Write out exactly the lines running from the one with "Бра Maytoni Miraggio" to the end of the data, including both of those lines and excluding pictures.

### [Data extract]
══════

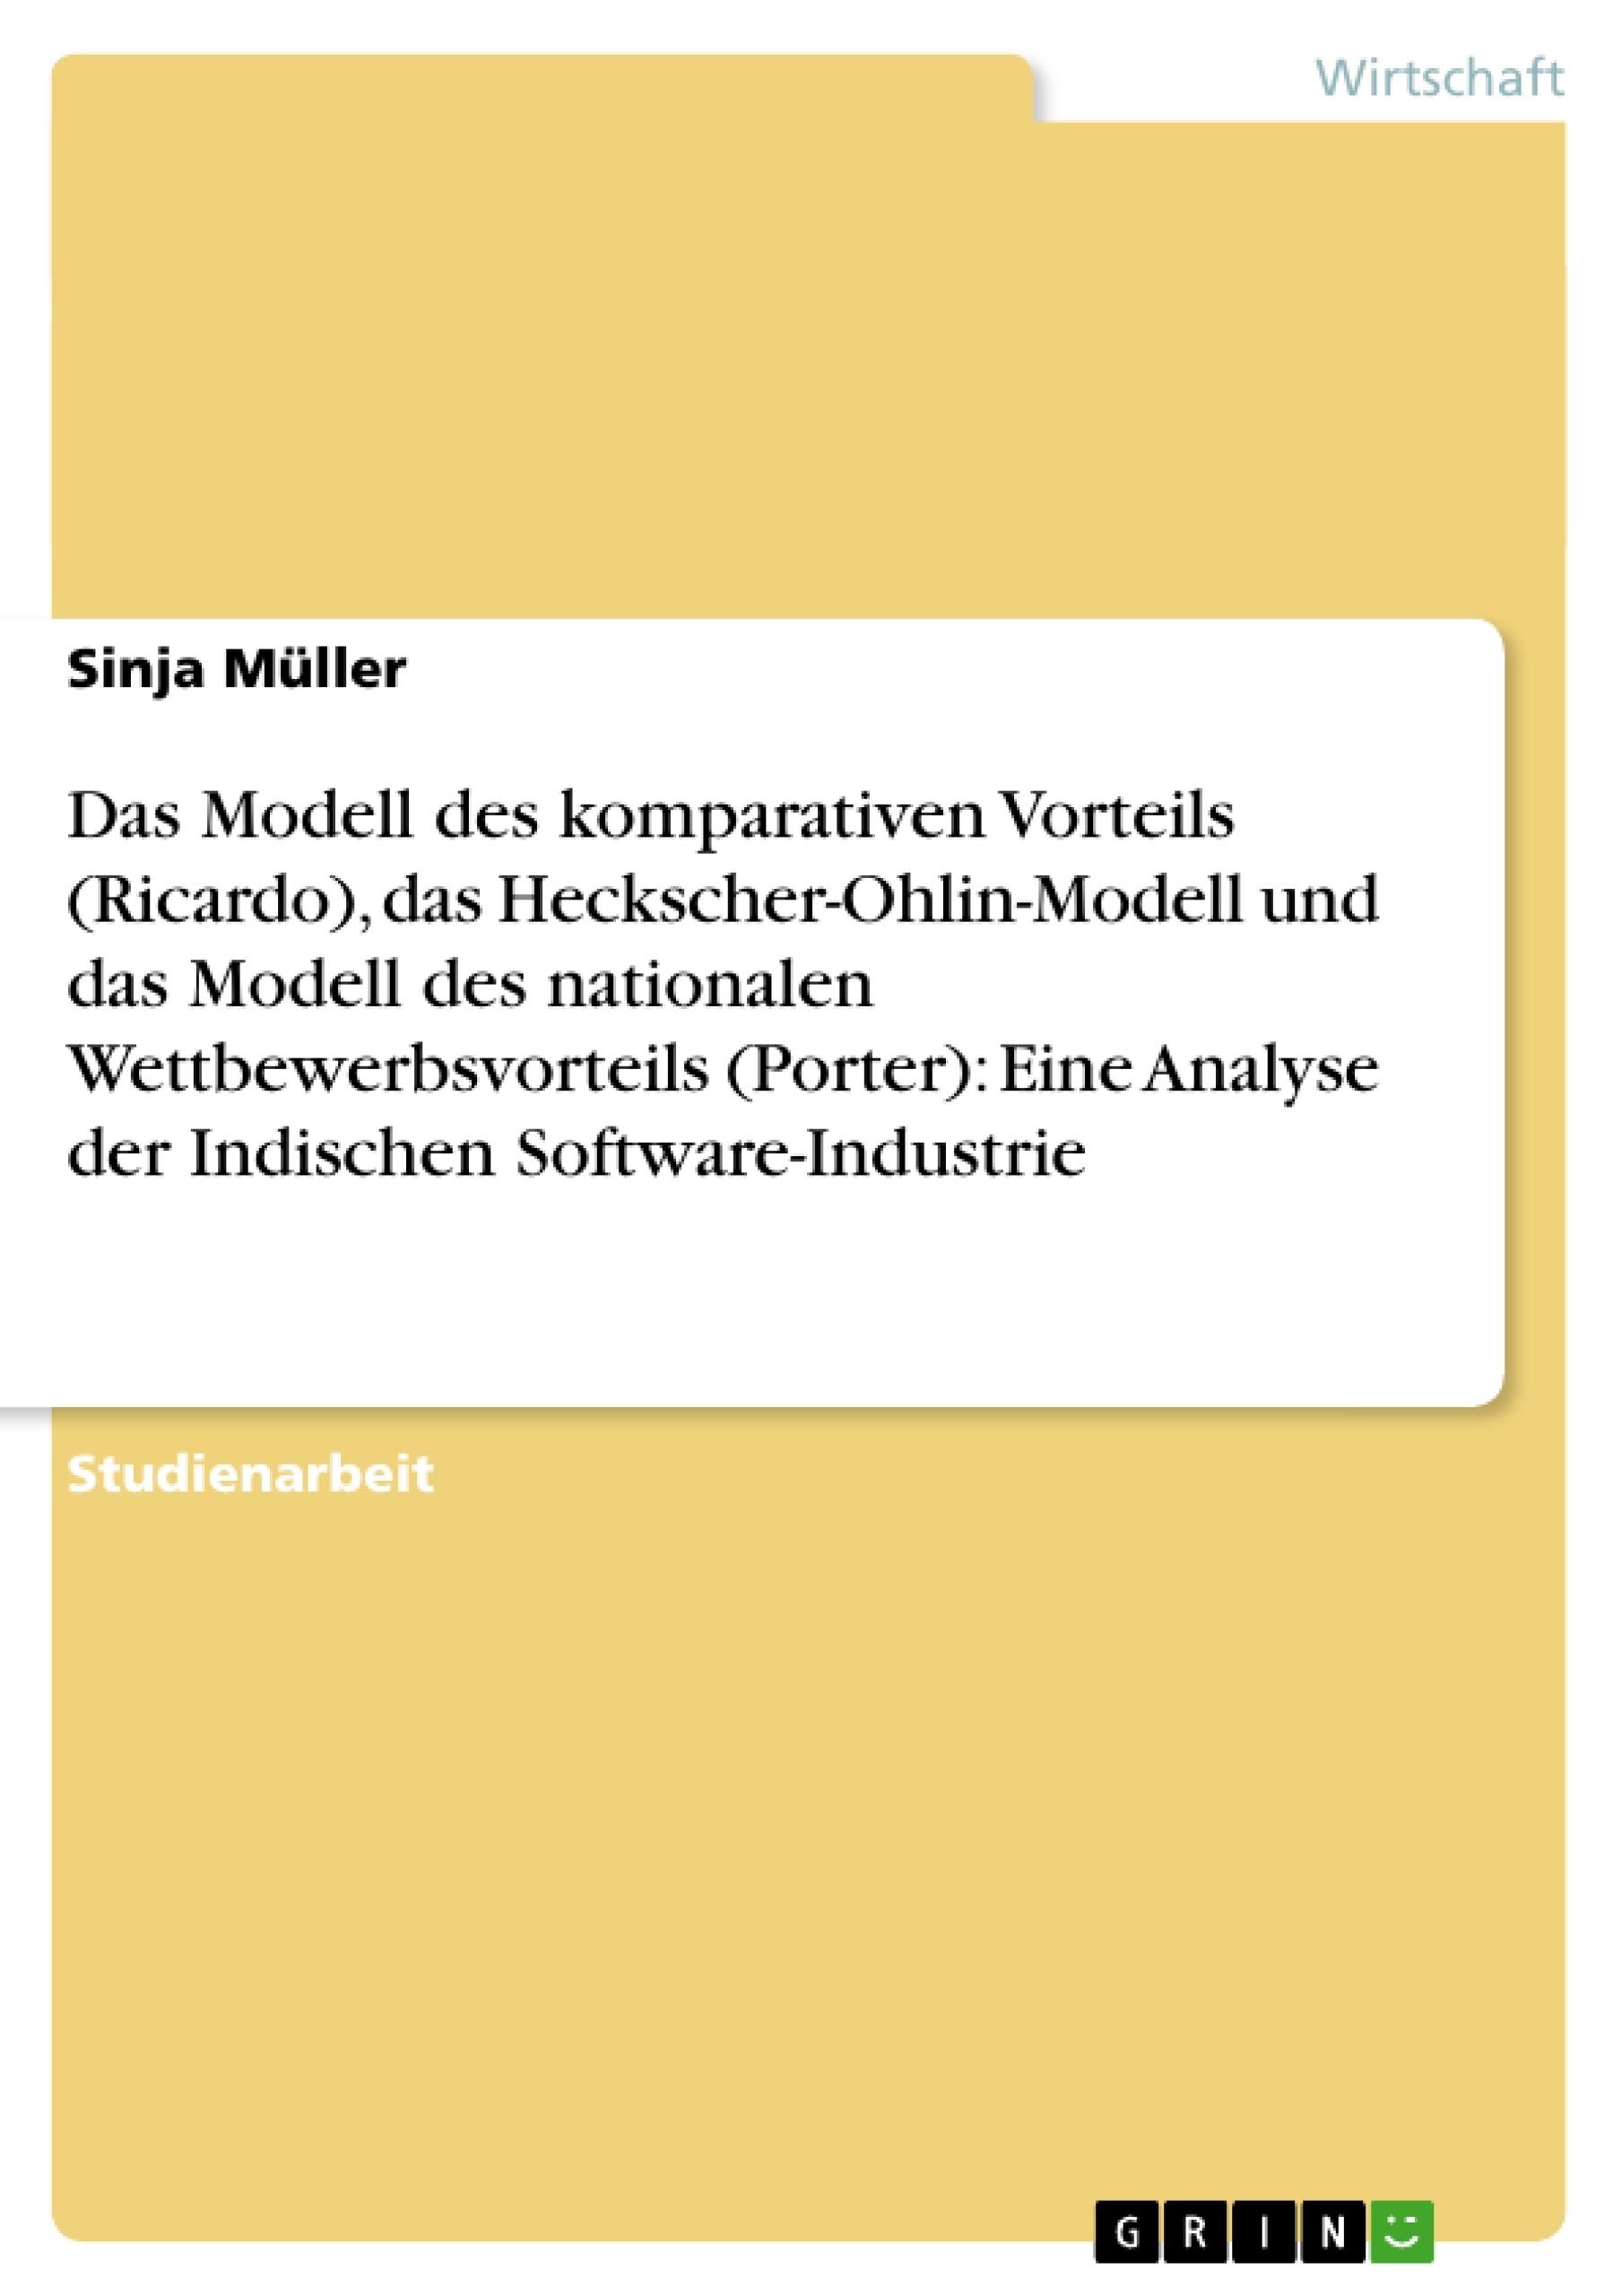 Titel: Das Modell des komparativen Vorteils (Ricardo), das Heckscher-Ohlin-Modell und das Modell des nationalen Wettbewerbsvorteils (Porter): Eine Analyse der Indischen Software-Industrie
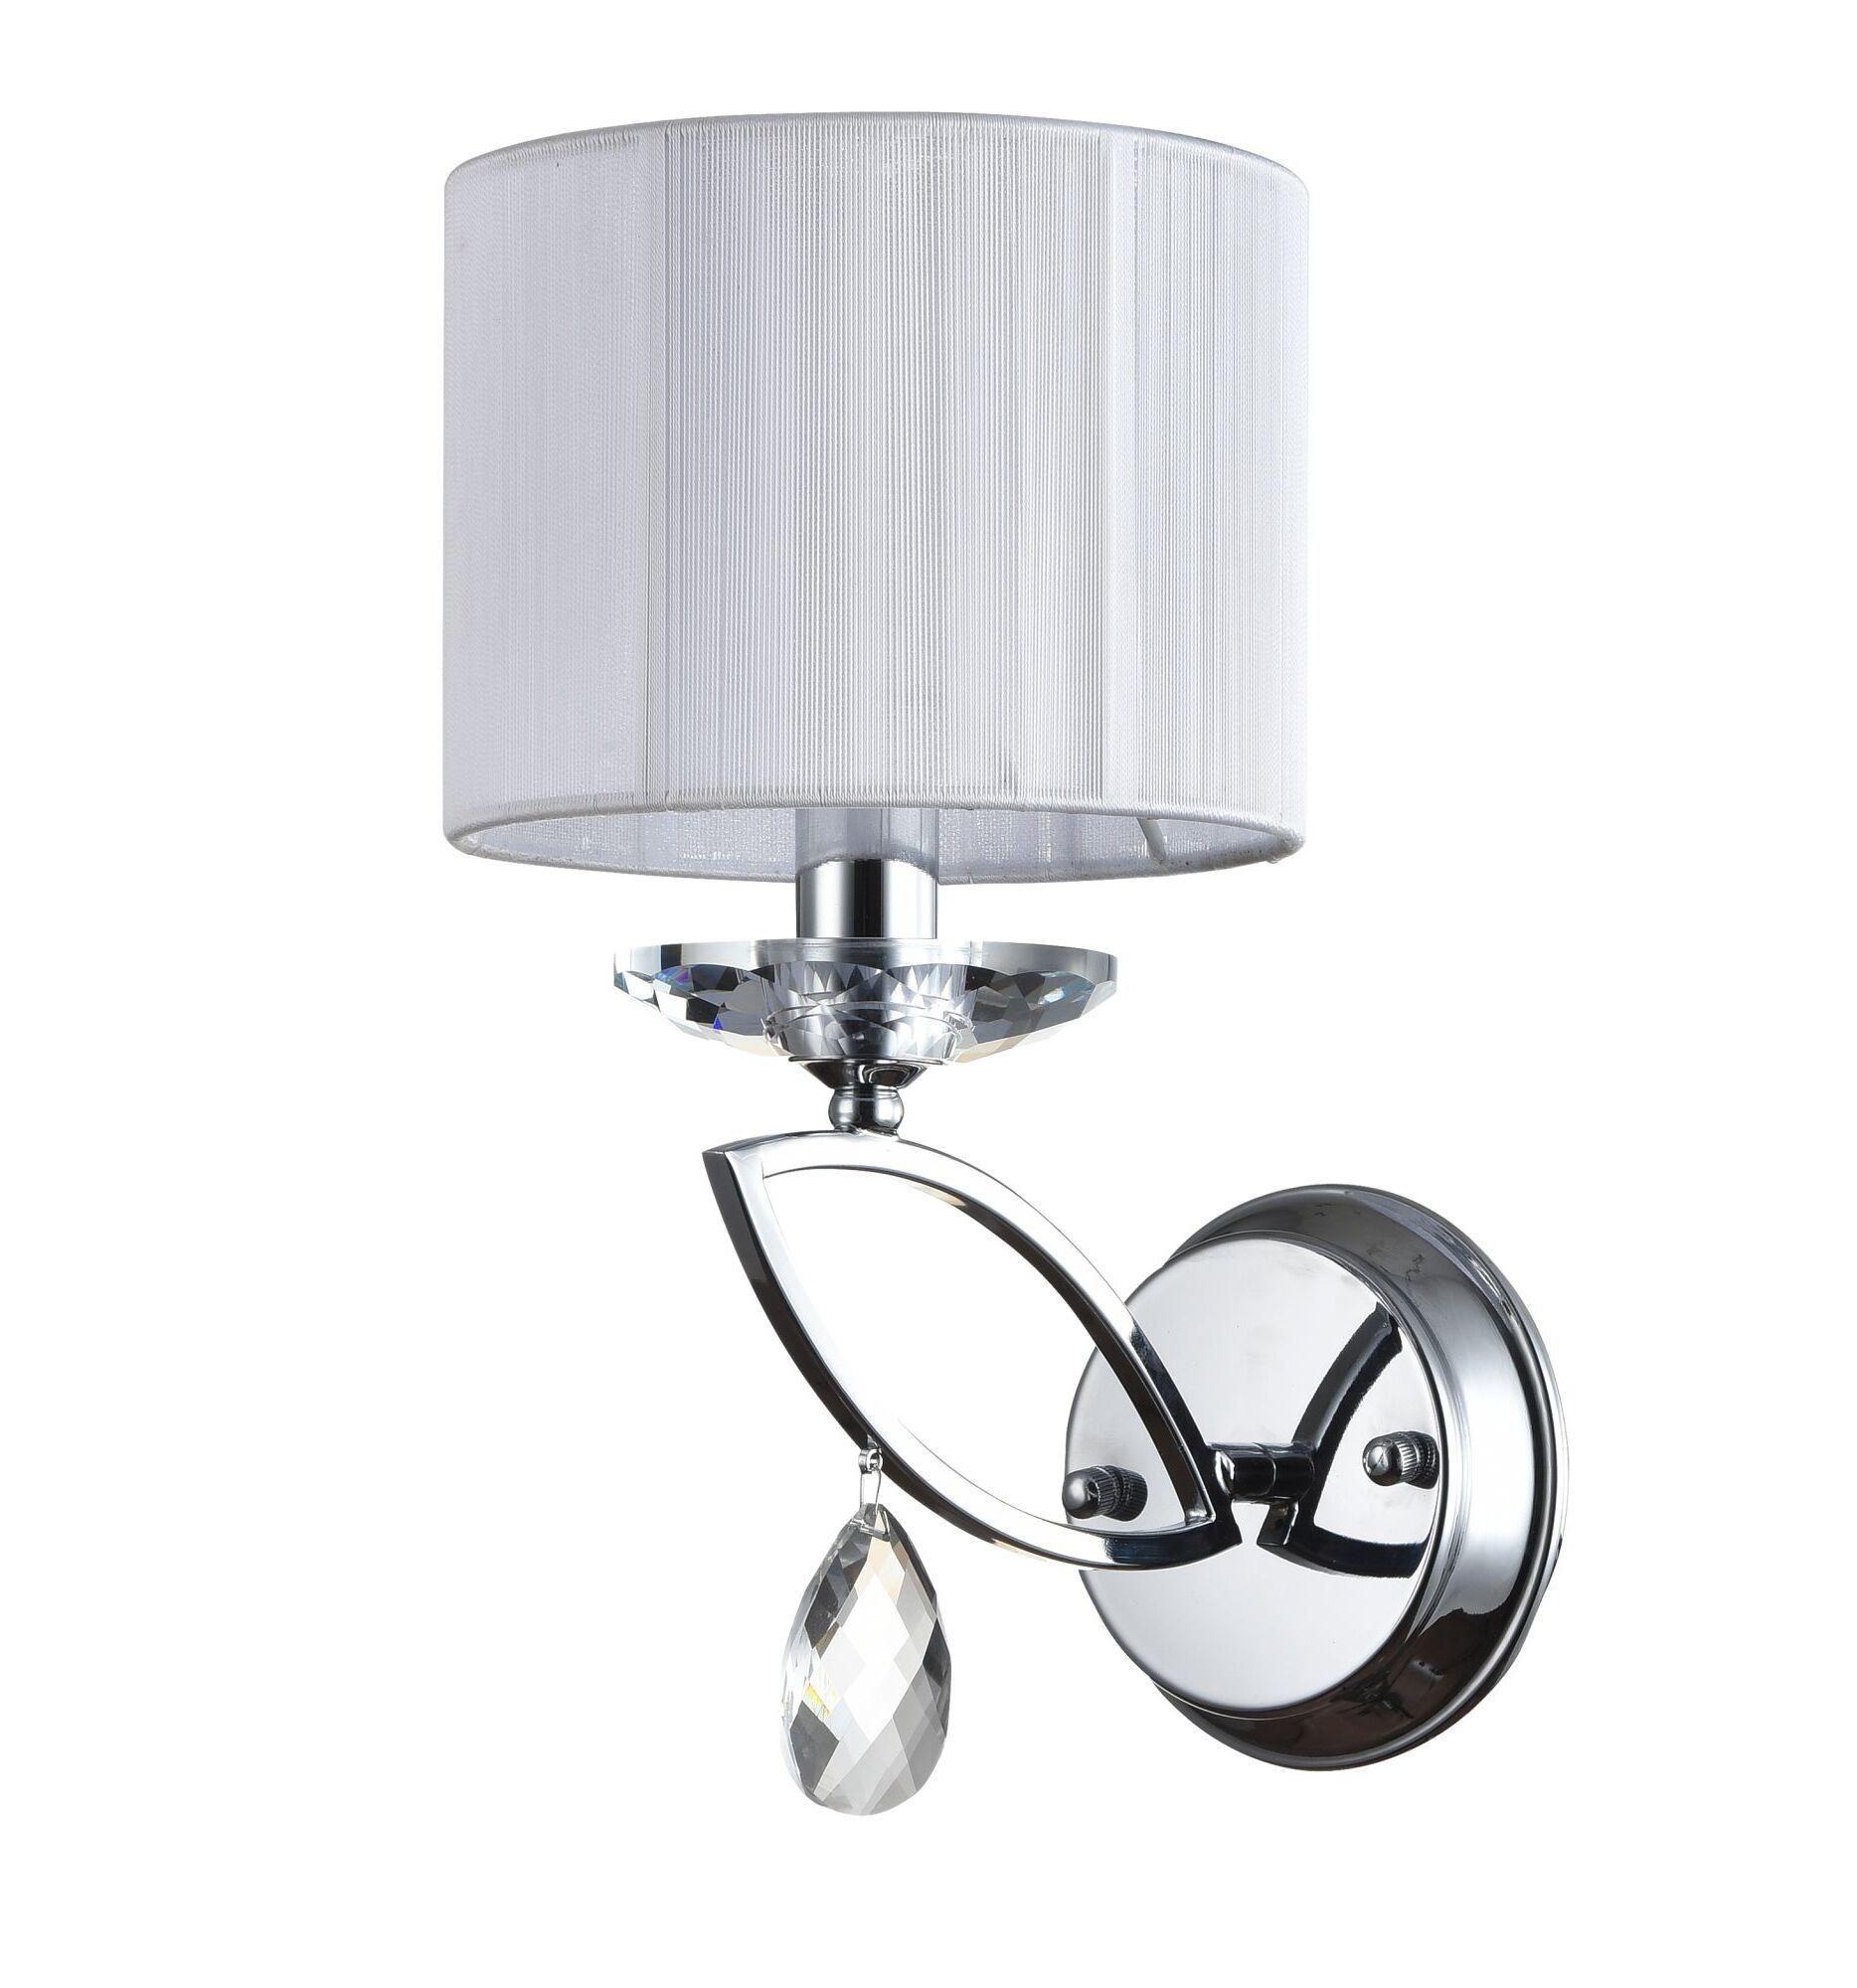 Бра Maytoni Miraggio MOD602-01-N, 1xE14x40W, хром, белый, прозрачный, металл со стеклом, текстиль, стекло - фото 3
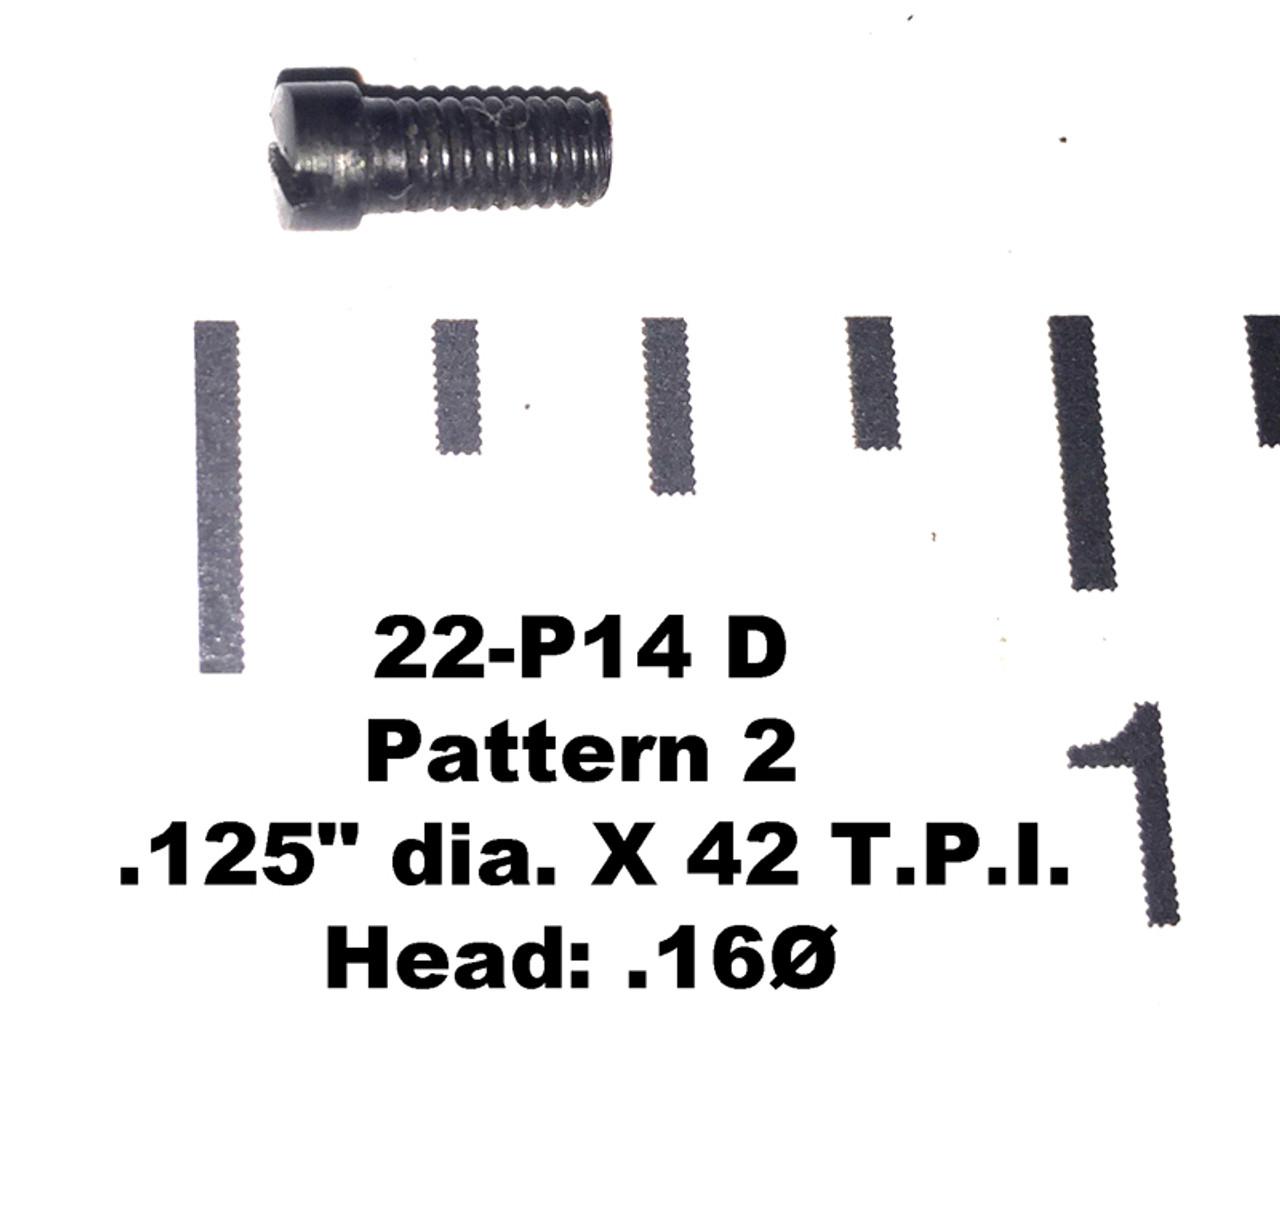 """22: SCREW, .125"""" dia. X 42 T.P.I. - Pattern 2"""

══════

### [Written solution]
 Бра Maytoni Miraggio MOD602-01-N, 1xE14x40W, хром, белый, прозрачный, металл со стеклом, текстиль, стекло - фото 3
 """22: SCREW, .125"""" dia. X 42 T.P.I. - Pattern 2"""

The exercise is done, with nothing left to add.